Abstract
Autophagy is promoted as a response to such environmental stress conditions as ATP depletion and excessive accumulation of reactive oxygen species (ROS). Multiple signalling pathways, including AMP-activated protein kinase (AMPK), are indicated to promote autophagy in ischaemic/hypoxic (I/R) heart. However, it's far more to clarify the orchestrated cross-talk between AMPK and other signalling pathways in the autophagy. In the present study, we investigated the autophagy induction by hypoxia in Rat H9C2 cardiomyocytes with LC3-EGFP reporter, EM and Western blot analysis. Then, we examined the promotion of forkhead box O (FOXO) 3, one member of FOXO transcriptional protein family, by hypoxia in Rat H9C2 cells and determined the mediation of FOXO 3 in the hypoxia-induced autophagy in H9C2 cells. In addition, we investigated the role of AMPK signalling in the FOXO3-mediated, hypoxia-induced autophagy in H9C2 cells. It was demonstrated that hypoxia induced significant autophagy in H9C2 cells, via promoting autophagic vesicles, inducing the conversion of LC3-I to LC3-II and up-regulating autophagy-related (ATG) markers. Moreover, FOXO3 was up-regulated by the hypoxia in H9C2 cells; and the knockdown of FOXO3 significantly reduced the hypoxia-induced autophagy. In addition, AMPK signalling was significantly promoted by hypoxia in H9C2 cells, and the chemical manipulation of AMPK exerted significant influence on the hypoxia-induced autophagy and on the FOXO3 level. In conclusion, FOXO3 regulated the hypoxia-induced autophagy in cardiomyocytes, and AMPK mediated the FOXO3 promotion during the autophagy induction by hypoxia, implying the key regulatory role of FOXO3 and AMPK signalling in the hypoxia-induced autophagy in cardiomyocytes.
Highlights
Ischaemic/hypoxic (I/R) heart disease is widely conceived as the single leading cause of death worldwide
To confirm the autophagy induction by hypoxia, we examined the autophagosome in the H9C2 cells under hypoxia via EM, the representative ultra-structures of the autophagosome under EM microphotography were found in H9C2 cells under hypoxia, rather than in H9C2 cells under normoxia (Figure 1B)

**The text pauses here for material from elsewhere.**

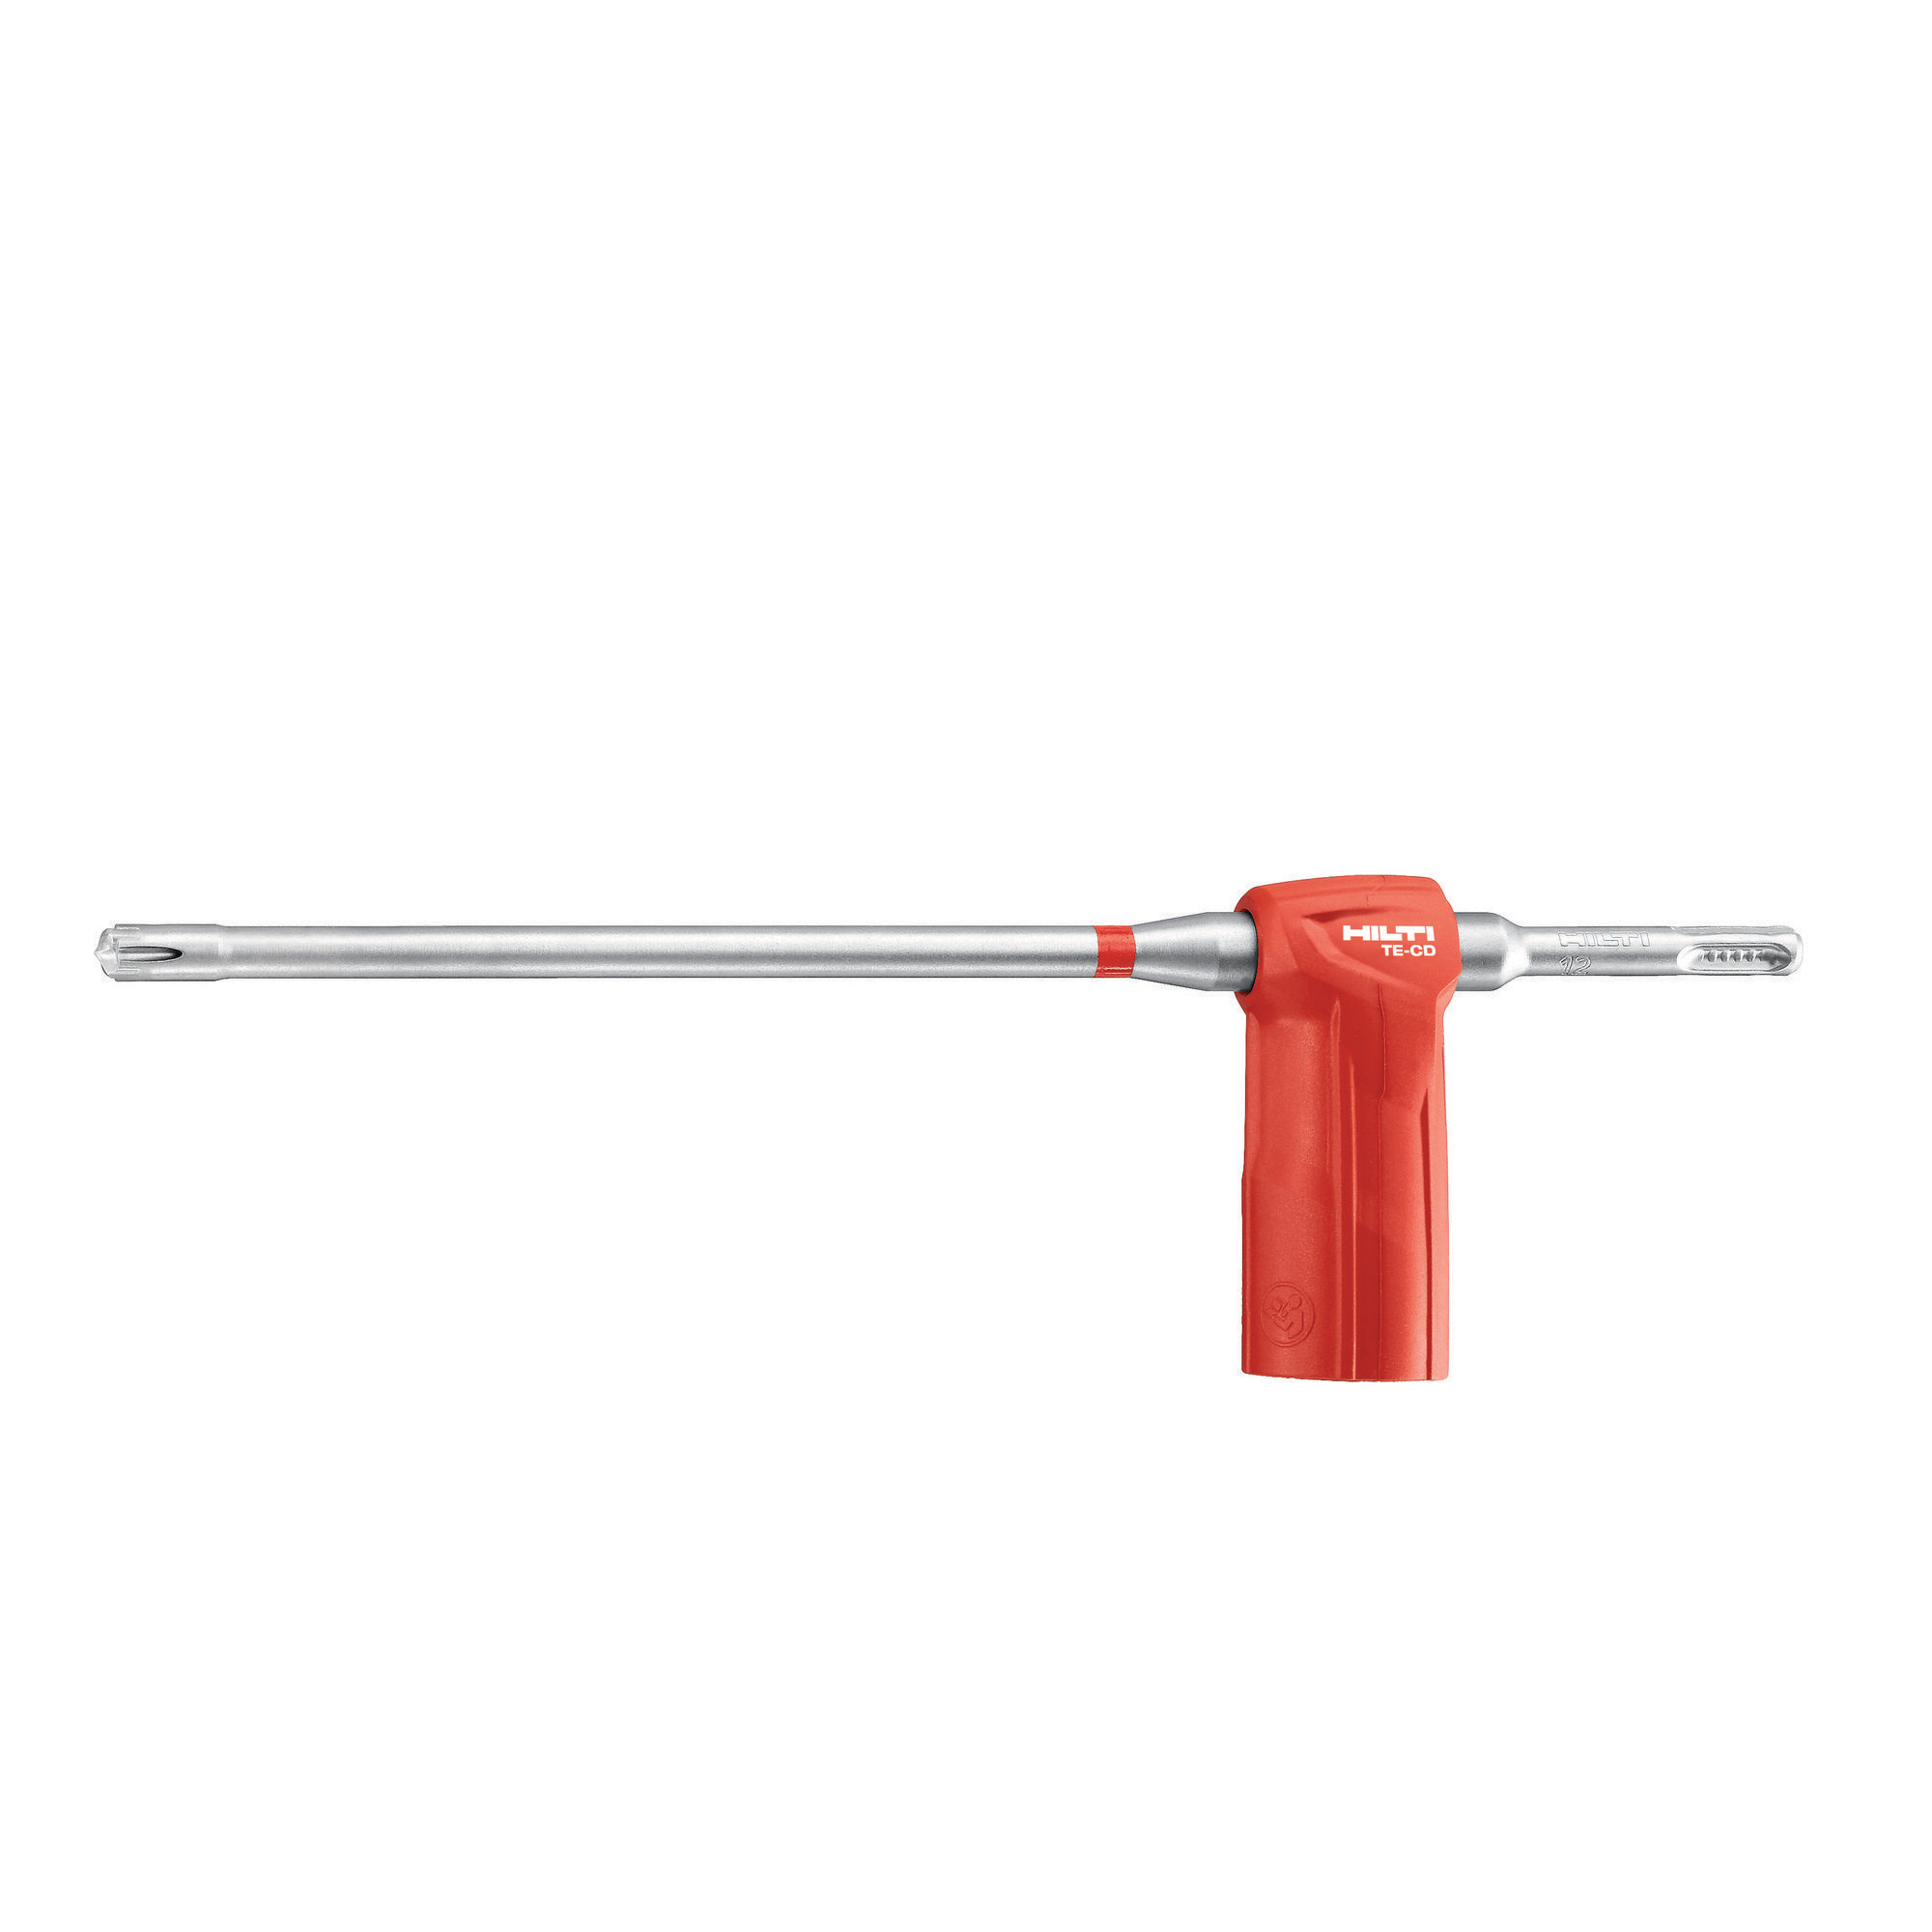 HILTI 435002 TE-CX X-Geometry Hammer Drill Bit, 1/4 in Drill Bit, 10 mm SDS-Plus® Shank, 9-1/2 in D Cutting, Solid Carbide Cutting Edge, 12 in OAL

We analysed the expression of ATG and autophagyregulated genes, such as LC3, mammalian target of rapamycin (mTOR) and Atg7 and the expression of hypoxia-inducible factor (HIF)-1α, which is up-regulated by hypoxia [21]
Summary
Ischaemic/hypoxic (I/R) heart disease is widely conceived as the single leading cause of death worldwide. The percentage keeps in high of patients suffering from acute myocardial infarction (MI) and experiencing sudden cardiac death [1]. We are far from clear understanding the mechanisms underlining the myocardial ischaemia/infarction, though there are accumulating and massive studies focusing on the subject. Autophagy is a dynamic self-degradation process for cellular components by cellular lysosome under a stringent regulation [3,4], and has been recognized to involve in the ischaemic heart disease [5]. Autophagy normally maintains at a low level in heart, and is sharply promoted as a response to such environmental stress conditions as ATP depletion, excessive reactive oxygen species (ROS) and mitochondrial dysfunction [6,7]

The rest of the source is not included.